# AS you can imagine,Im the happiest fan now!!



## catandkennysuck (Dec 14, 2002)

I will not change my name though,I like it as a reminder of how bad the days were with kenny,and now will become champions.

I was teary eyed when I found out. I would have released him for nothing and been happy,but to get posey is a double positive.

AS you guys probably know by now,kenny was my most hated player,and odom is the guy I really wanted. Posey is a poor mans odom/artest and its a perfect fit for the rockets. I wonder if me posting about how much kenny sucks got through to the staff?
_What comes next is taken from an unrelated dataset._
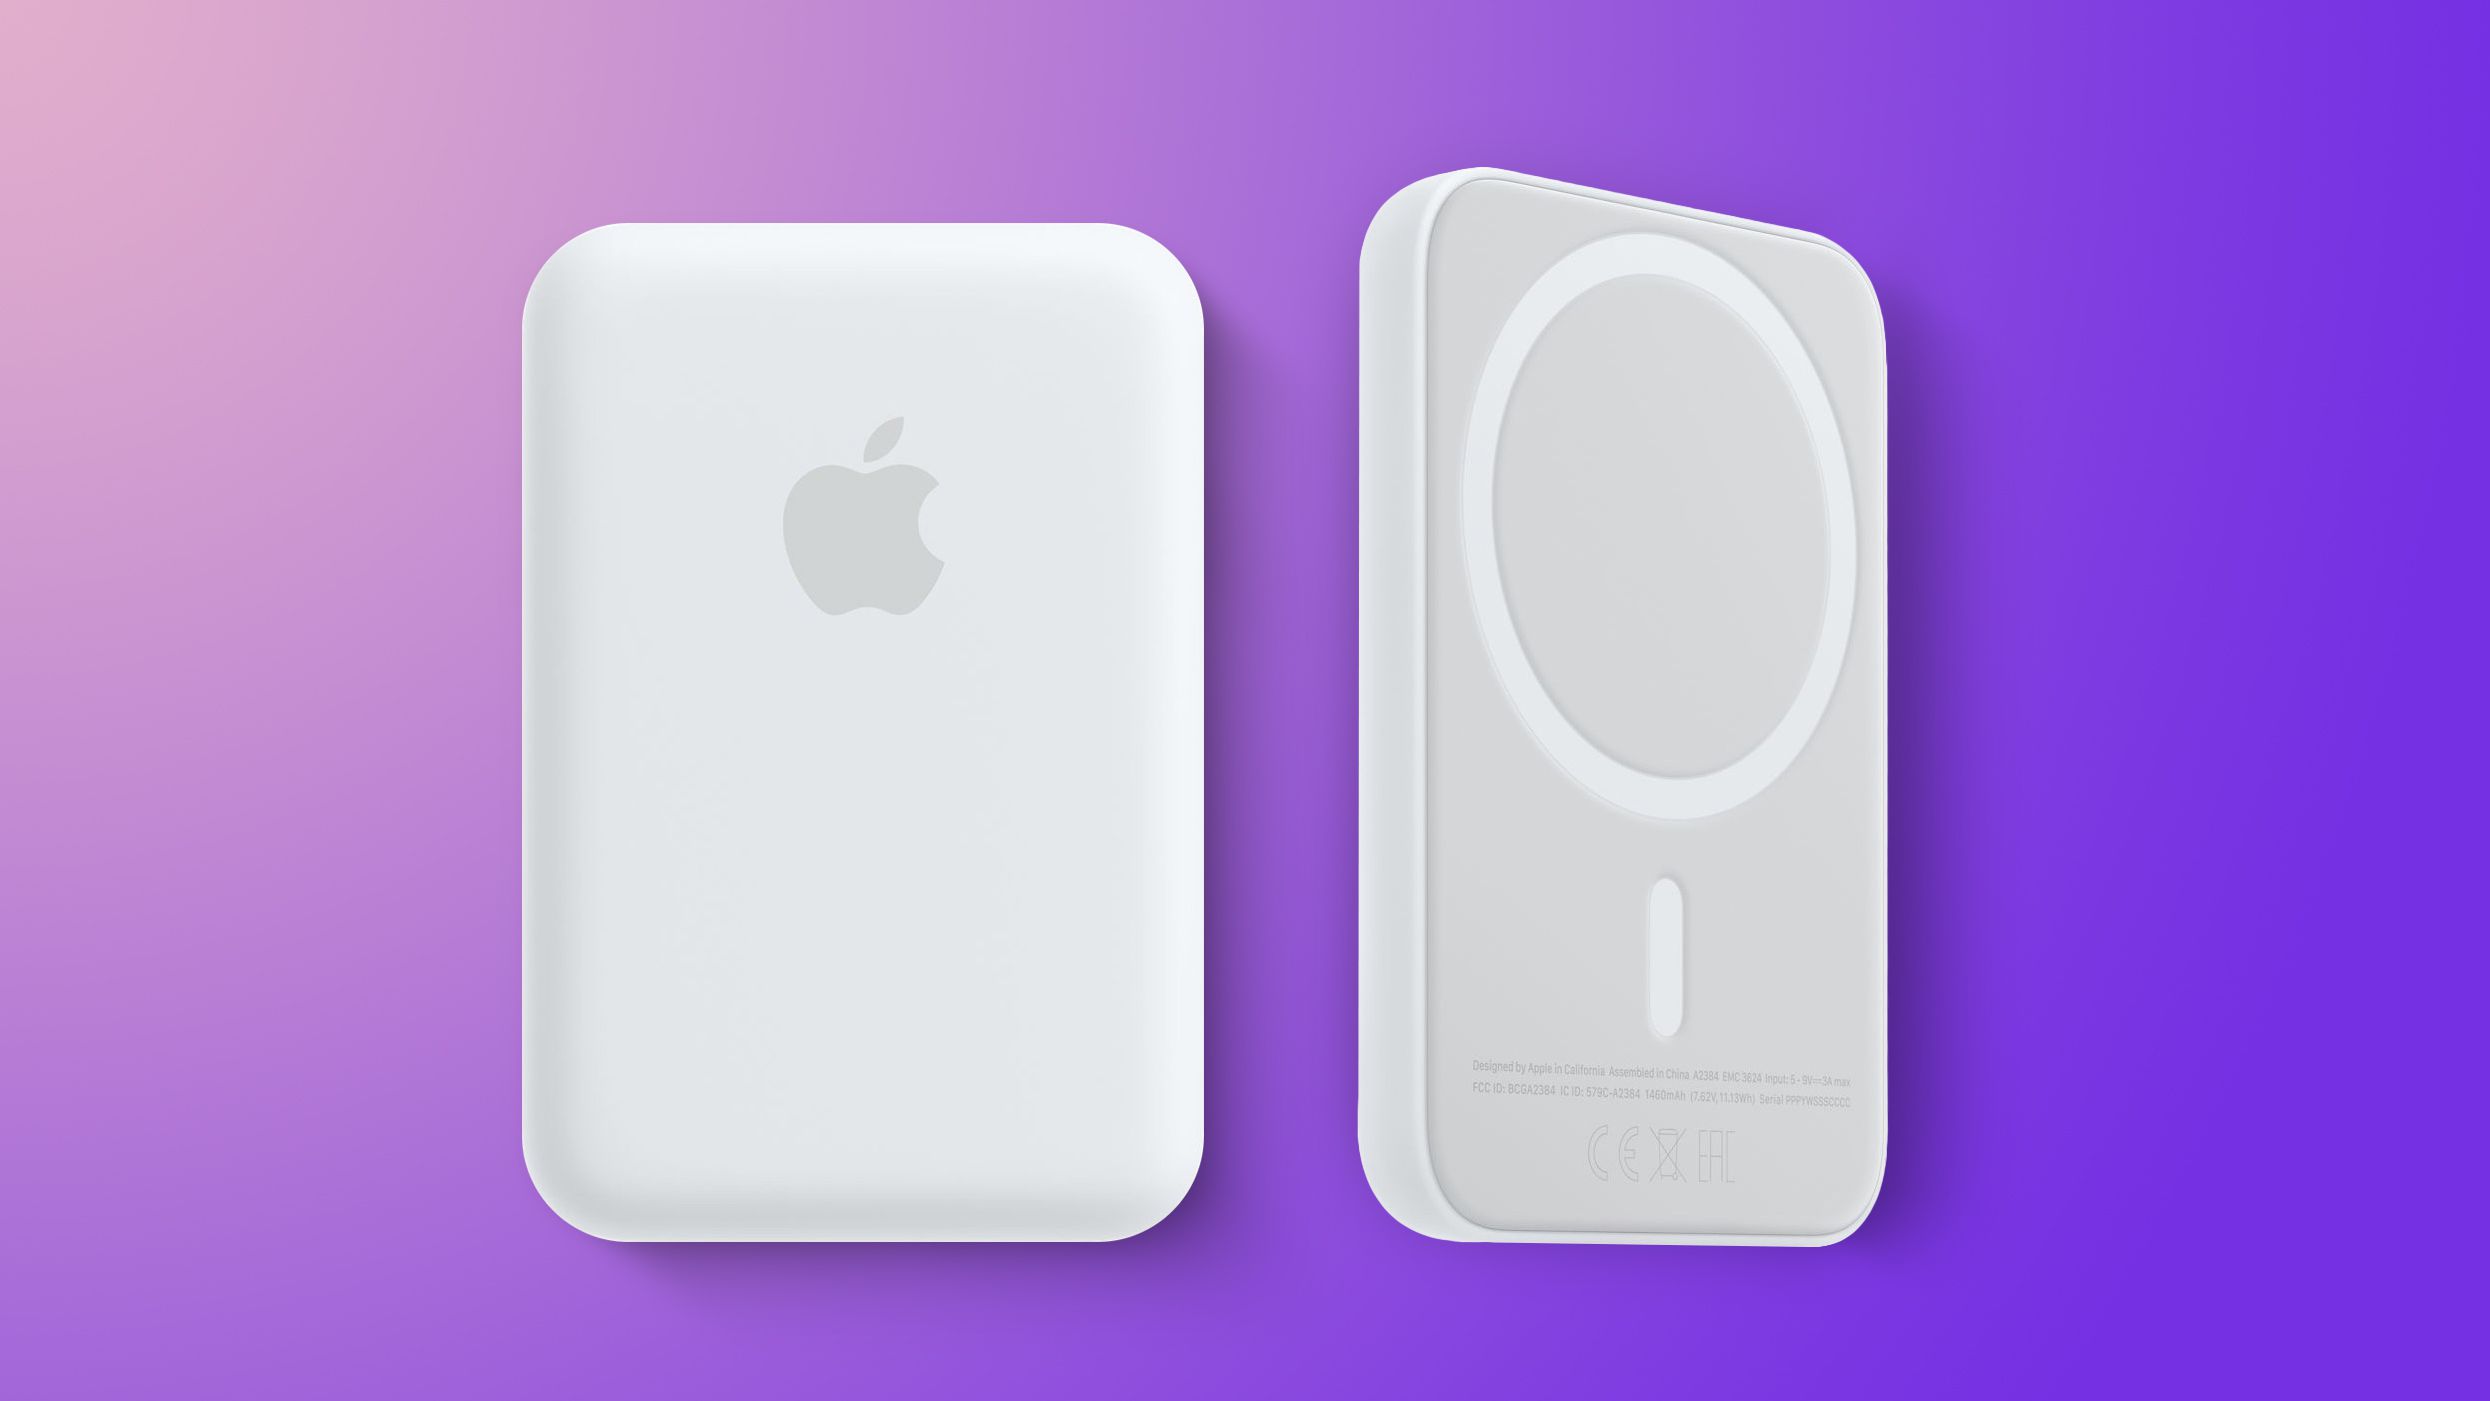 Sono previsti diversi accessori Apple USB-C ed è in fase di sviluppo un nuovissimo pacco batteria MagSafe “impilabile”.

Happiest day for me since may19.

I dont think cat sucks either,maybe I should change my name. He didnt do the "iso bull charge" tonight like he usually does. I think a insider saw how pissed I was and told cat to stop it. HEHE

I dont need to fix anything anymore about this team; I love this team,and wouldnt make any more moves for years.(except maybe moochie)


----------



## Tenshi25 (Nov 27, 2002)

Slow down kiddo, I don't think the Rockets staff take decisions based on what you say or that YOU fixed anything.
Anyway, Posey seems a good deal and a good fit for the Rox, we'll see how he adapts to the team.


----------



## Hollis (Jun 4, 2002)

*I dont need to fix anything anymore about this team; I love this team,and wouldnt make any more moves for years.(except maybe moochie)*
OK, I'll be sure to let the Rockets organization know.


----------



## TerpBurp (Sep 27, 2002)

hey cat, don't you think they should have tried and traded for a shooting guard? James Posey is useless, but at least they got rid of Kenny.

The SG position for Houston is pretty bad right now. Cat is too streaky and is probably the worst defender in the league. Dude can't create his own shot, can't pass worth crap, and is too short and slow to defend the big guards. 

The Rocks usually look better when Moochie comes in and Steve moves to SG. But those 2 combined are a turn-over machine. Sometimes, they get too wild with their dribbling.

At least, the Rocks are set in the post position for a while.


----------



## Hollis (Jun 4, 2002)

*hey cat, don't you think they should have tried and traded for a shooting guard? James Posey is useless, but at least they got rid of Kenny.* 

posey can play SG....


----------



## TerpBurp (Sep 27, 2002)

I don't know. James Posey is more of a forward. His shooting percentage is horrible. But if he can come in and be a defensive lockdown type player, that should be good enough.


----------